7. The Yiddish Policemen’s Union

Wikipedia

In Michael Chabon’s novel The Yiddish Policemen’s Union, a chess player is murdered, with a presumably unfinished game of chess left at the scene of the crime. Or is it unfinished? Dun-dun-DUNNNNN.

8. Unsound Variations

SFRevu

In Dreamsongs, an anthology of short stories, George R.R. Martin writes about the repercussions of a missed sacrificing attack during a collegiate chess tournament. Martin, for his part, is a Life Member of the U.S. Chess Federation.

9. Deep Thought

Movies Era

In Douglas Adams’s novel The Hitchhiker’s Guide to the Galaxy, a powerful supercomputer named Deep Thought is built to find the ultimate answer to life, the universe, and everything. It makes perfect sense, then, that when IBM engineers built a powerful chess computer in 1989, they borrowed the name. Former world chess champion Garry Kasparov bested Deep Thought in both games of their match.

10. Through the Looking-Glass

Wikipedia

Lewis Carroll’s Through the Looking-Glass is based on a game of chess, with characters often represented as pieces, and scenes as squares on a board. Alice is, of course, a pawn; if she makes it to the eighth rank, she will become a queen.

11. Bill & Ted's Bogus Journey

After Bill and Ted are killed, the Grim Reaper promises to resurrect them if they can beat him in a game of chess. They opt for Battleship, Twister, and Clue.

12. Nightfall

Wikipedia

In Isaac Asimov’s Nightfall, a multiplayer chess variation is played that makes tri-dimensional chess seem reserved. “The men about the table had brought out a multi-chess board and started a six-member game. Moves were made rapidly and in silence. All eyes bent in furious concentration on the board.”

13. 1984

Goodreads

Syme, who works for the Ministry of Truth and is helping write the next edition of the Newspeak dictionary, is on Oceania’s chess committee. Winston knows that Syme has been vaporized when the latter’s name is quietly removed from the committee roster. “It looked almost exactly as it had looked before—nothing had been crossed out—but it was one name shorter. It was enough. Syme had ceased to exist: he had never existed.”

14. The Tempest

Wikimedia Commons

In the final scene of Shakespeare’s romance The Tempest, Ferdinand is found to be playing a game of chess against Miranda. Chess is an important symbol in the play. Prospero has moved the characters around his island much like a chess player might move pieces. Likewise, Prospero is, in a way, trying to capture a king—Ferdinand’s father, Alonso.

15. The Chessmen of Mars

Encyclopedia Barsoomia

Edgar Rice Burroughs was an avid chess player, going so far as to invent his own variant, called Jetan, in his 1922 novel The Chessmen of Mars.

16. Unicorn Variations

Wikipedia

Here’s how Unicorn Variations came about: author Roger Zelazny was asked to contribute to two different anthologies.
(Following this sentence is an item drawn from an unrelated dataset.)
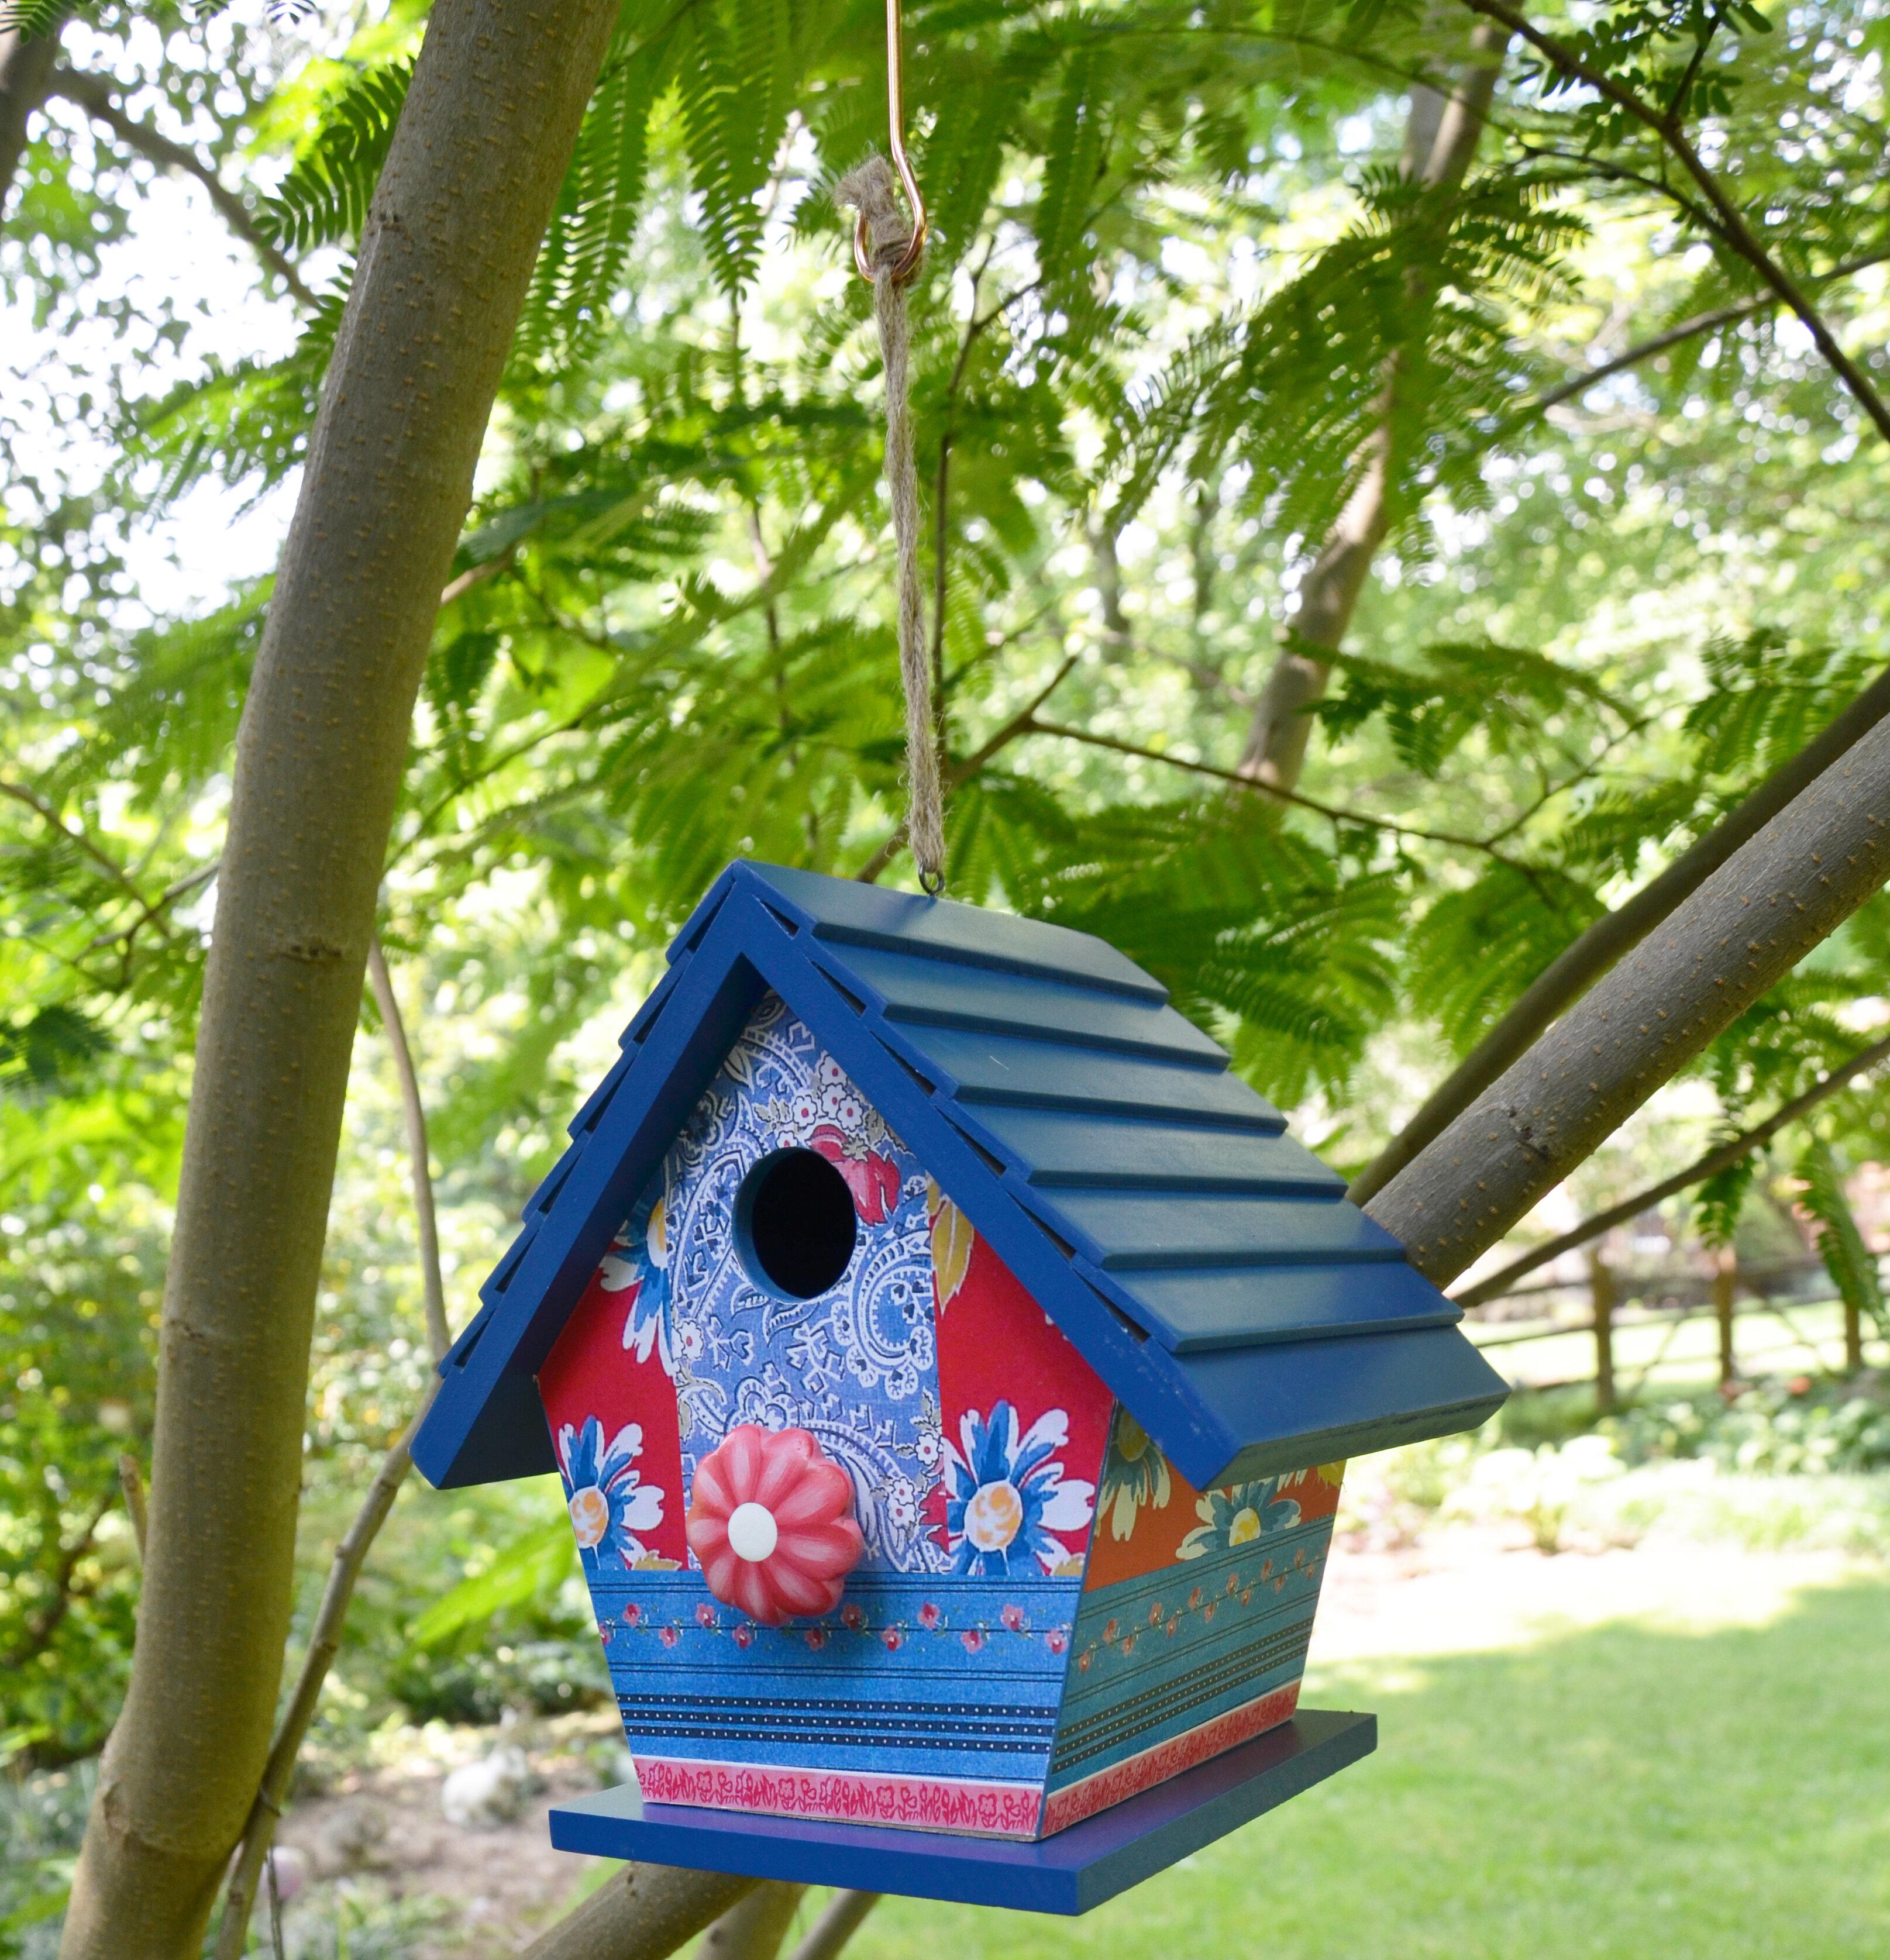 Rcs Gifts Patchwork 8 In X 8 In X 6 In Birdhouse Wayfair

One anthology asked for a story featuring a unicorn. The other anthology wanted a story set in a bar. Zelazny’s friend, George R.R. Martin, mentioned a third anthology with a chess theme, and suggested that he save himself a lot of work and just write a story about a unicorn playing chess at a bar. Zelazny went on to win a Hugo for the story.

17. The Seventh Seal

The Telegraph

In the 1957 Ingmar Bergman film The Seventh Seal, a knight challenges Death to a game of chess as a way of delaying his own demise. This film totally ripped off Bill and Ted’s Bogus Journey.

18. X-Men

Screenrant

At the very end of the first X-Men movie (the only good one), Professor X and Magneto play a game of chess. The pieces are, of course, made of glass.

19. Superman II

YourChess.net

In Superman II, Lex Luthor creates a hologram of himself playing chess, and uses it as a distraction for him to escape prison. Had Michael Bolton actually gone to a minimum-security prison in Office Space, he probably would have thought of this plot device and used it to make his own escape.
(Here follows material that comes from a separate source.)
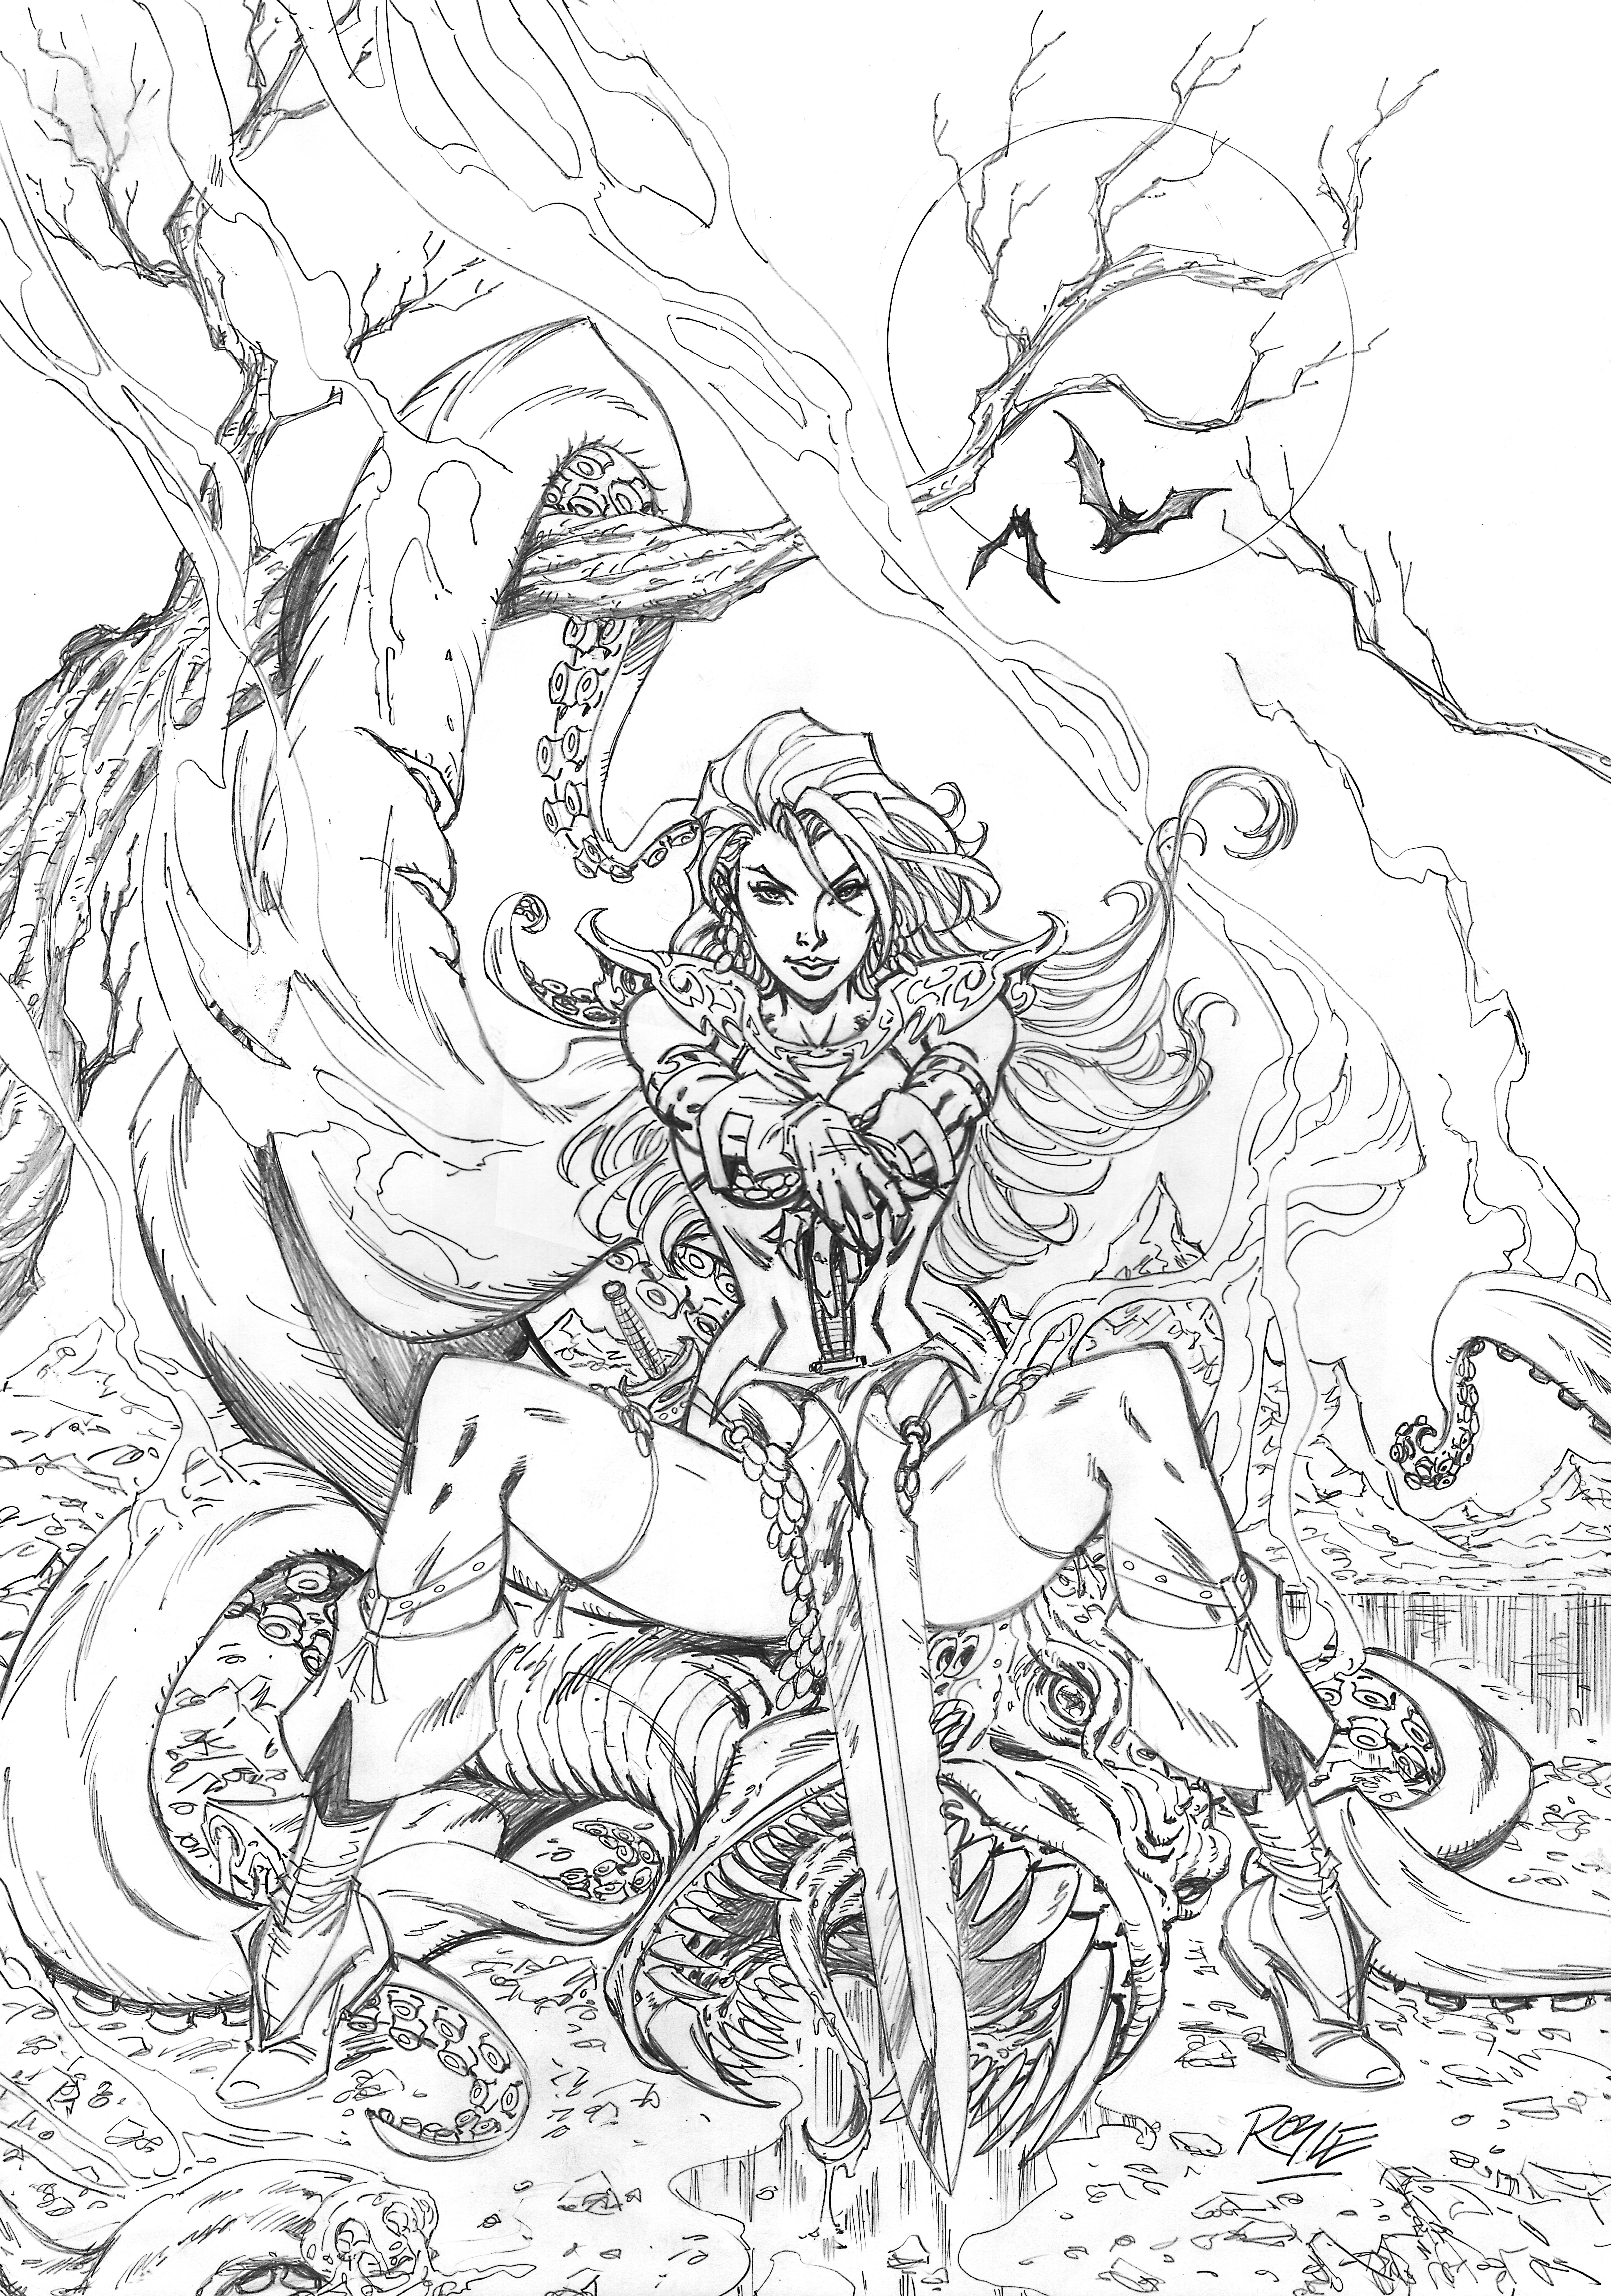 Red Sonja # 21

20. Jason and the Argonauts

jackveasey.blogspot.com

In the 1963 film Jason and the Argonauts, the unfolding tale of Jason’s pursuit of the Golden Fleece is depicted as a chess game between Zeus and Hera.

21. Discworld

Wikipedia

In Terry Pratchett’s Discworld series, the Ankh-Morpork Assassins' Guild plays a variation of chess called Stealth Chess. Two files, one on each side, widen the chessboard and these squares—called “the Slurk”—are colored red and white (as opposed to black and white). Only one piece moves on the Slurk: the assassin.

22. Blade Runner

itsvery.net

Tyrell and Sebastian play a game of chess in Blade Runner. It’s based on “the Immortal Game,” a very real and celebrated 1851 game between Adolf Anderssen and Lionel Kieseritzky, in which Anderssen sacrifices his major pieces in order to checkmate Kieseritzky with minor ones.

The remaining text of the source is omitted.